What you should do.
Down to the last line, set down the listing below exactly, apart from its pictures.

Source data.
# # # # # # #

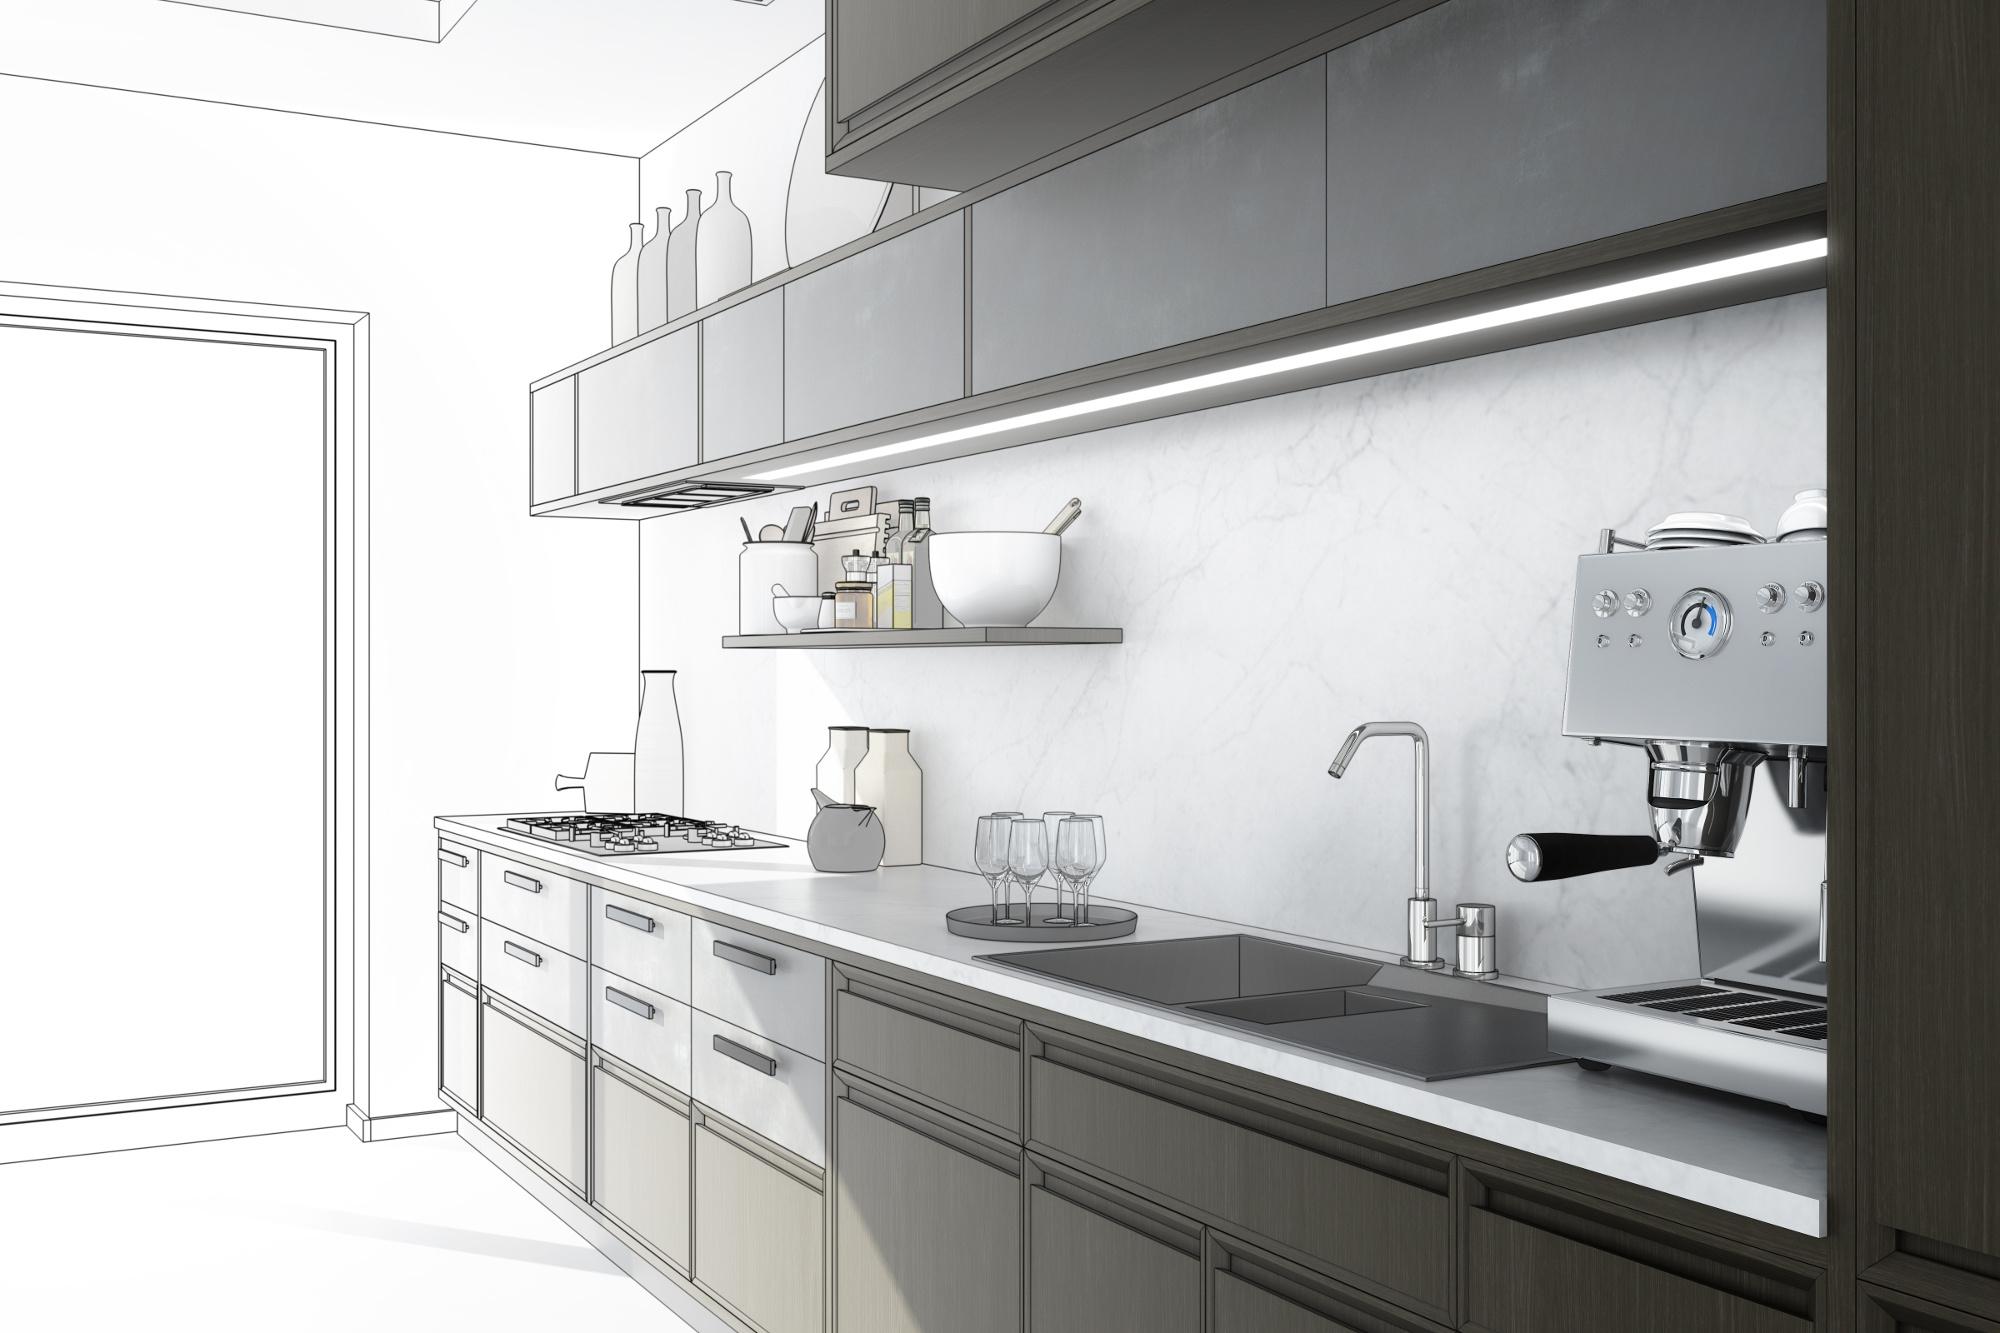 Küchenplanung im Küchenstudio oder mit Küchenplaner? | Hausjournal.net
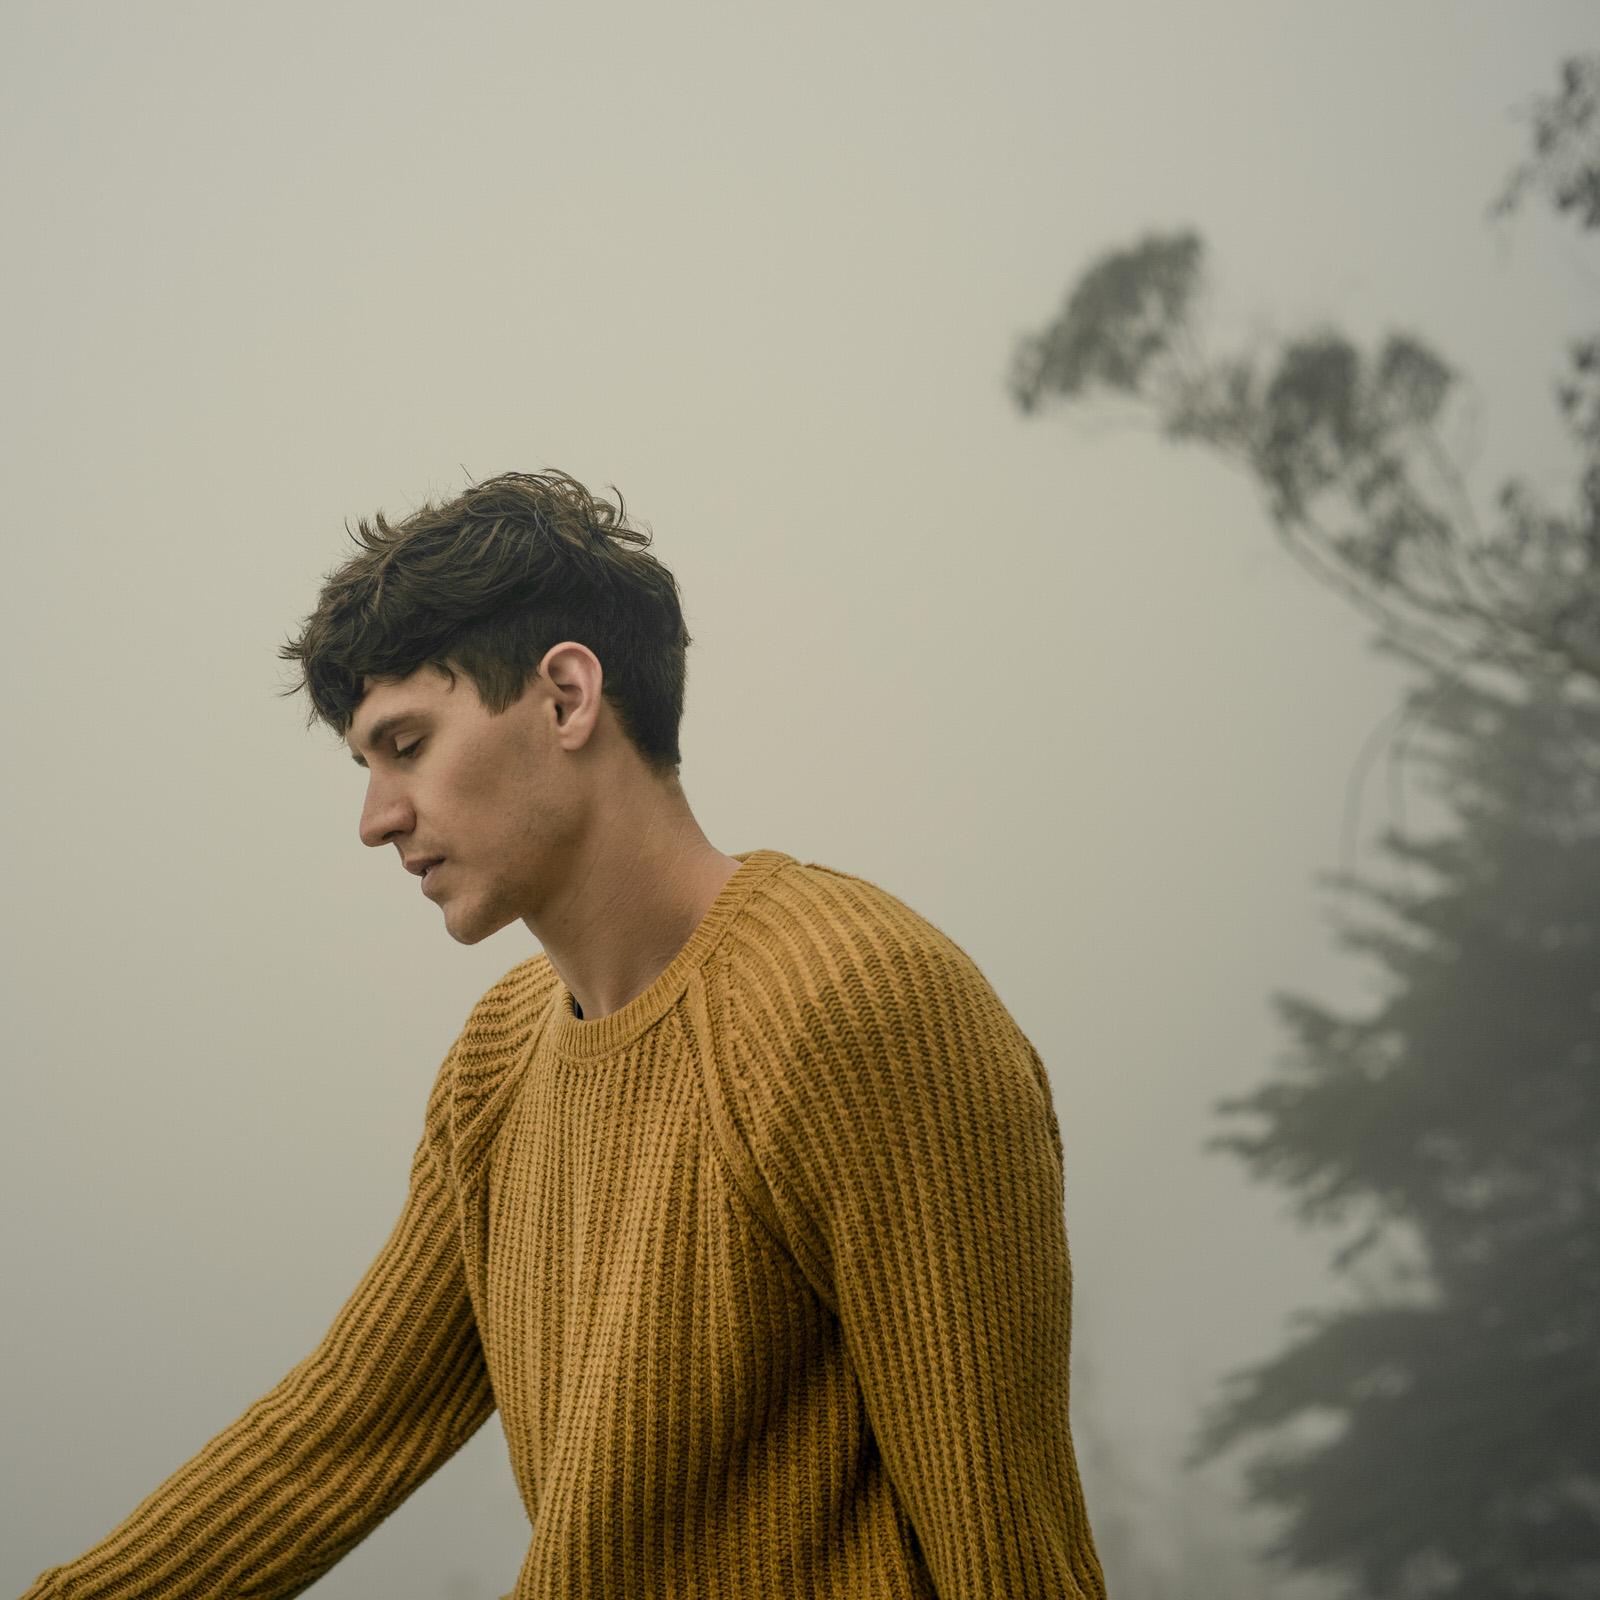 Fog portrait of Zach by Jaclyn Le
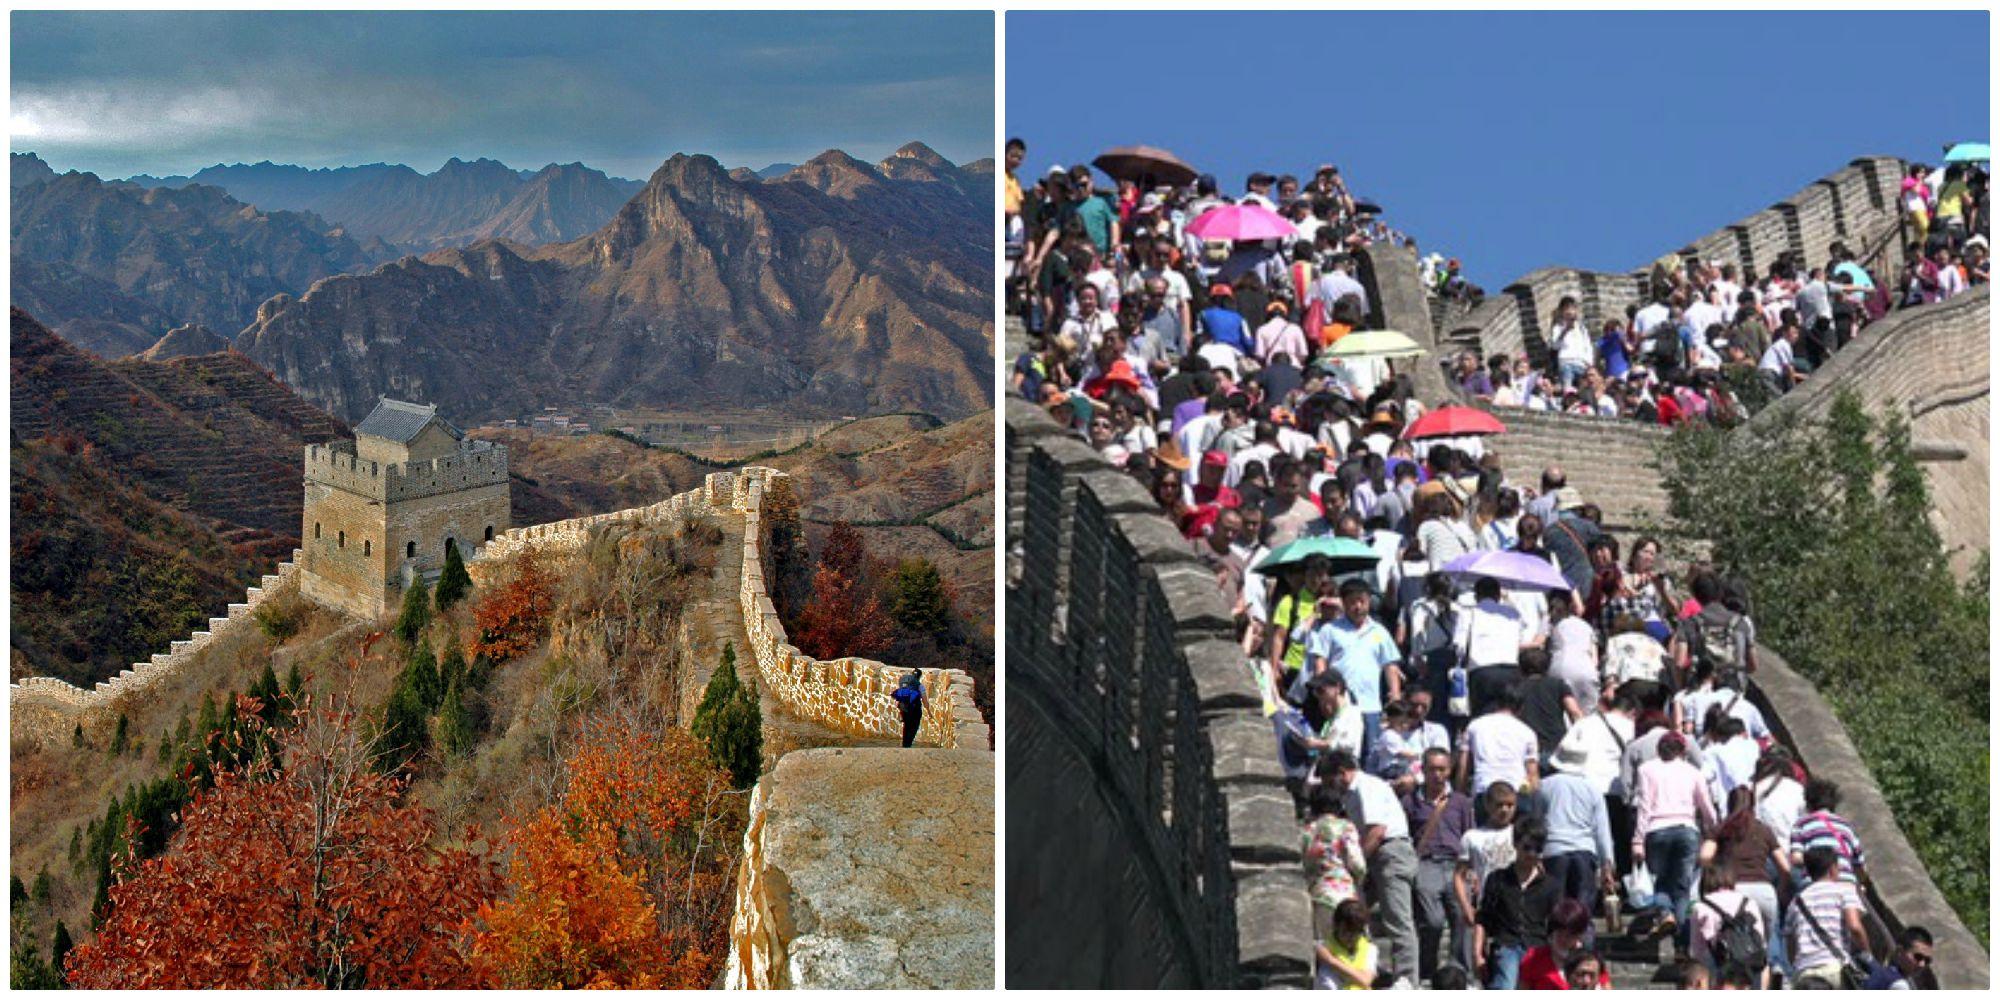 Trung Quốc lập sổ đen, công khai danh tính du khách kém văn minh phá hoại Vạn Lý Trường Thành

# # # # # # #

The completed task.
 Küchenplanung im Küchenstudio oder mit Küchenplaner? | Hausjournal.net
 Fog portrait of Zach by Jaclyn Le
 Trung Quốc lập sổ đen, công khai danh tính du khách kém văn minh phá hoại Vạn Lý Trường Thành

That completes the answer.